This is part of a series of posts highlighting the Theorizing the Web conference, April 14th, 2012 at the University of Maryland (inside the D.C. beltway). It was originally posted on 3.28.12 and was updated to include video on 5.10.12. See the conference website for additional information.

Presider: Dan Greene (@Greene_DM)

Logging Off and Disconnection” presents an important new set of perspectives on a key theme of Theorizing the Web: ‘Cyberspace’ does not exist as an immaterial realm separate from human bodies and relationships. The online is instead always imbricated with the offline and the connections we make and unmake are crucial determinants of of both spaces. This panel explores this co-determination from the perspectives of those who decide, or are forced, to disconnect from online media in order to examine the relationships between personal participation and motivation and structuring forces of media design, cultural narrative, and economies of data and prosumption.

Jenny Davis’ qualitative study of Facebook users explores how social networking technology’s tight integration into the rhythms and relationships of everyday life highlights the tension between moral definitions of a meaningful life and cultural ambivalence about the technology’s effects on sociality. Jessica Roberts uses the global data of the world Unplugged projectto investigate the behavioral and emotional responses university students had to a 24-hour withdrawal from ambient media. She expands the ‘awareness systems’ tradition in computer science and stresses the integration of already-existing awareness systems into daily life, demonstrating that the seamless connectivity of ambient media makes it harder for students to recognize how their relationships with, and through, those media function. Laura Portwood-Stacer focuses on discourses of Facebook rejection in popular and alternative media outlets and in her interviews with ‘non members’. This rejection of a specific, dominant medium is an important piece of non-members’ production and negotiation of political and ethical identity. Finally, Jessica Vitak builds on the rich social scientific research literature on self-presentation and privacy in order to explore different users’ management of personal information, audience relationships, and social norms through the specific affordances of Facebook . All four researchers illustrate how in relationships with and through online media the links not made, the social graphs refused, are powerful forces in media ecologies and (non-)users’ lives. 

[Paper titles and abstracts are after the jump.]

Jenny Davis (@Jup83), “Diagnosing Technological Ambivalence”

At the same time fearful and dependent, hopeful and distrustful, our contemporary relationship with technology is a highly ambivalent one. In the present work I attempt to ‘diagnose’ this ambivalence within a cultural and historical context of increasing technological advancement and the pervasive presence of new technologies in everyday life. I argue that technological ambivalence is rooted primarily in the deeply embedded moral prescription to lead a meaningful life, and a related uncertainty about the role of new technologies in the accomplishment of this task. On the one hand, technology offers the potential to augment and potentially even enhance our experiences.

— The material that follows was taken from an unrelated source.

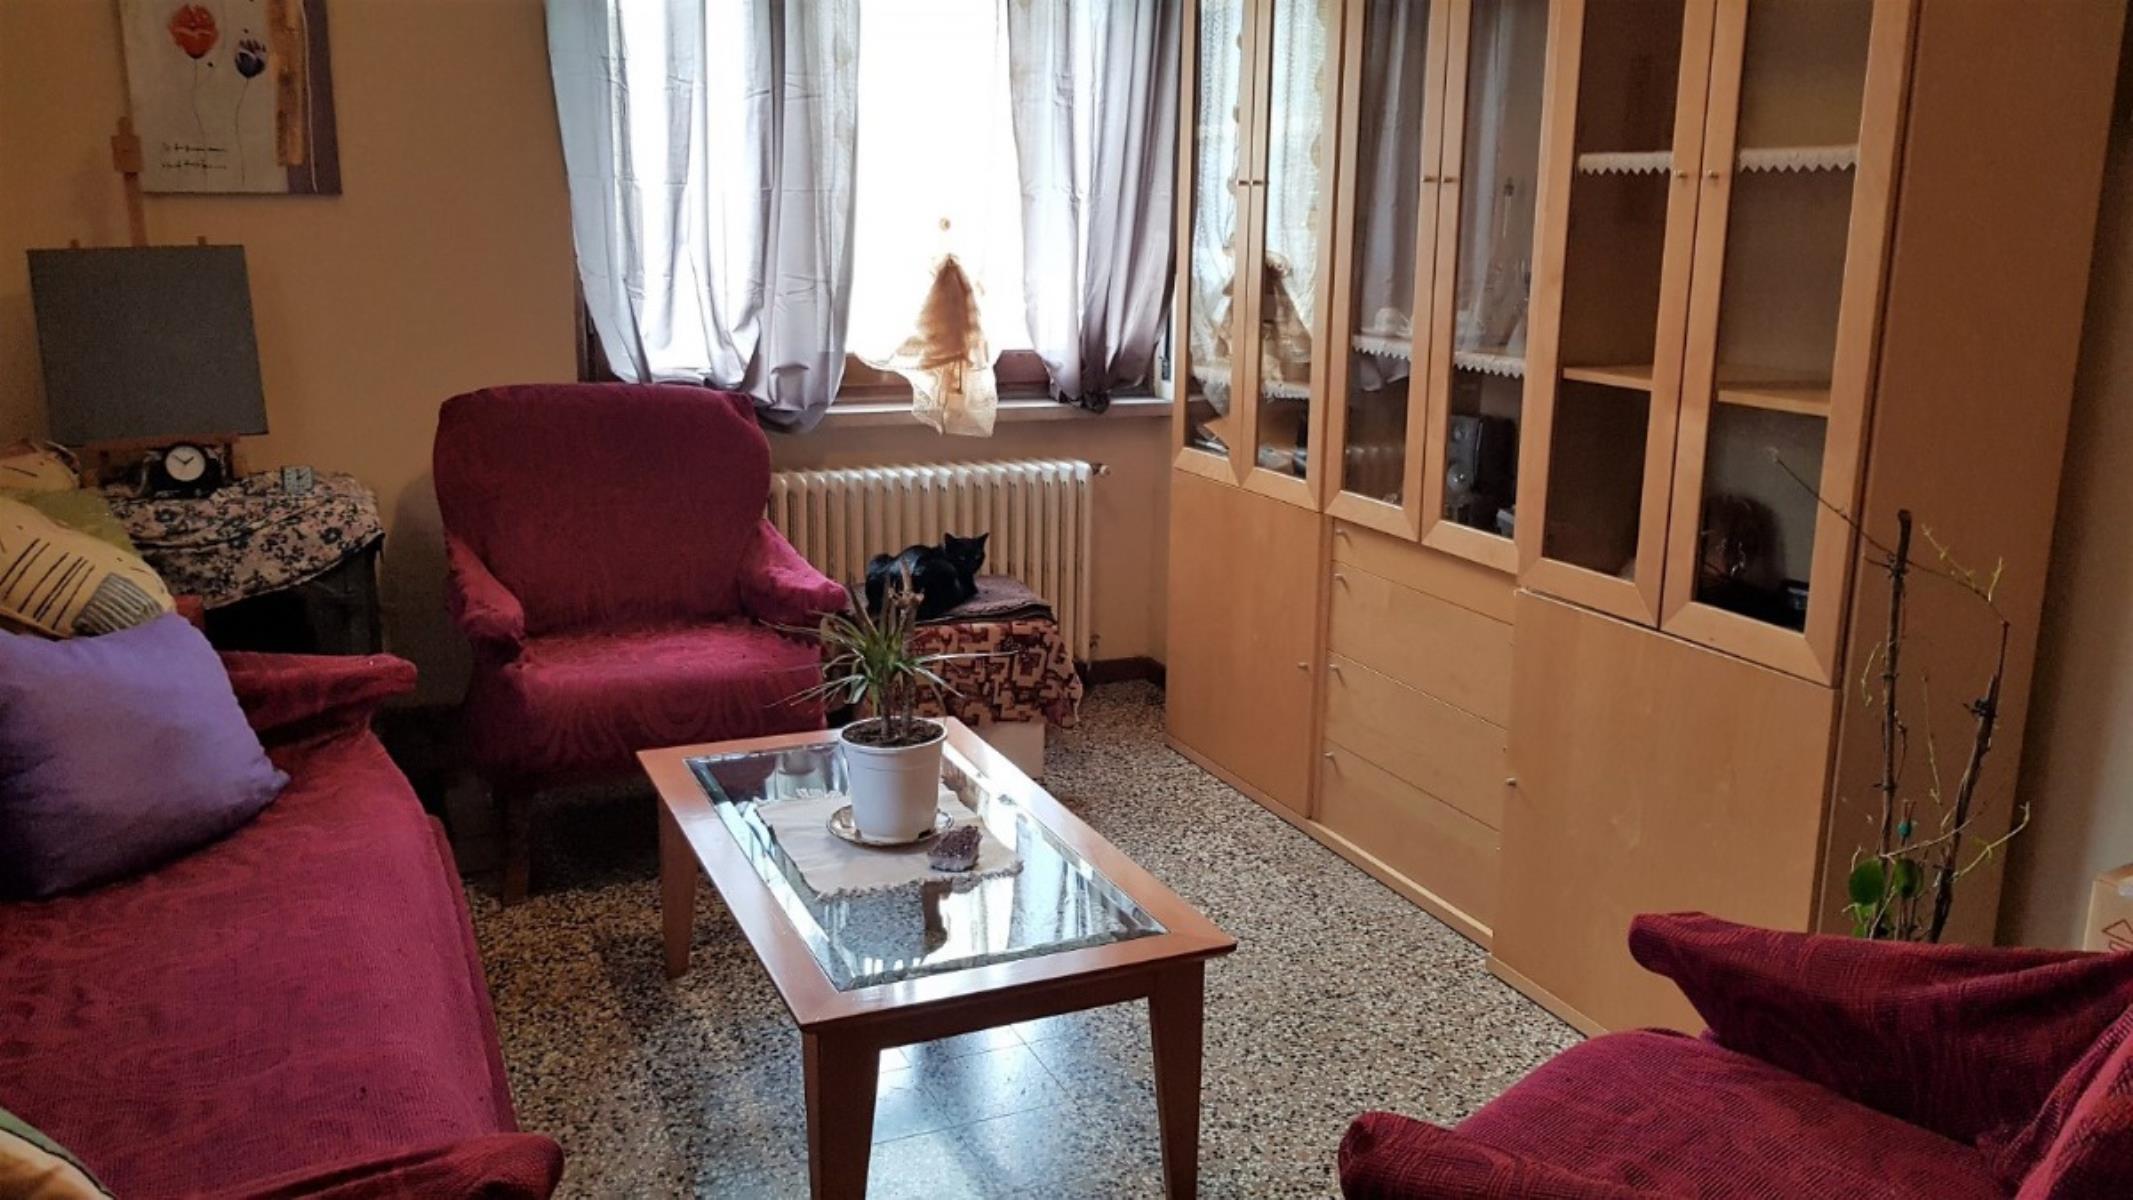 affitto appartamento di 90 m2 ivrea to studio idea casa

On the other hand, technology looms with the potential to supplant ‘true’ experience, undermining the ability to lead a meaningful existence. I illustrate these perceived opposing potentials using data from an ongoing Facebook-based qualitative study of social media users. Specifically, I show how this ambivalence is articulated in the context of personal experiences, interpersonal relationships, and political activism. I conclude by arguing that utopian hopes, dystopian fears, and ambivalent concerns, are all amplified by the notion of technology in general, and social media in particular, as fully integrated components of everyday social life. They are seen as growing exponentially, inextricably linked to sociality, and so increasingly difficult to opt out of.

Jessica Roberts (@jessyrob), “The Effects of Ambient Media: What Unplugging Reveals About Being Plugged In”

Ambient media is a way to conceptualize the information environment in which so many of us live. It is no secret that more and more of us live in a world rich in information and media of communication that bring us that information. Besides television, radio, newspapers, computers (desktops, laptops, netbooks, tablets), we now carry devices with us. Mobile devices with digital content—phones, iPods, PDAs—have become ubiquitous around the world. A Pew Internet Project survey in May 2011 found that 83 percent of adults in the U.S. own a cell phone, and 42 percent of them own smartphones, which translates to 35 percent of all adults in the U.S. (Pew 2011).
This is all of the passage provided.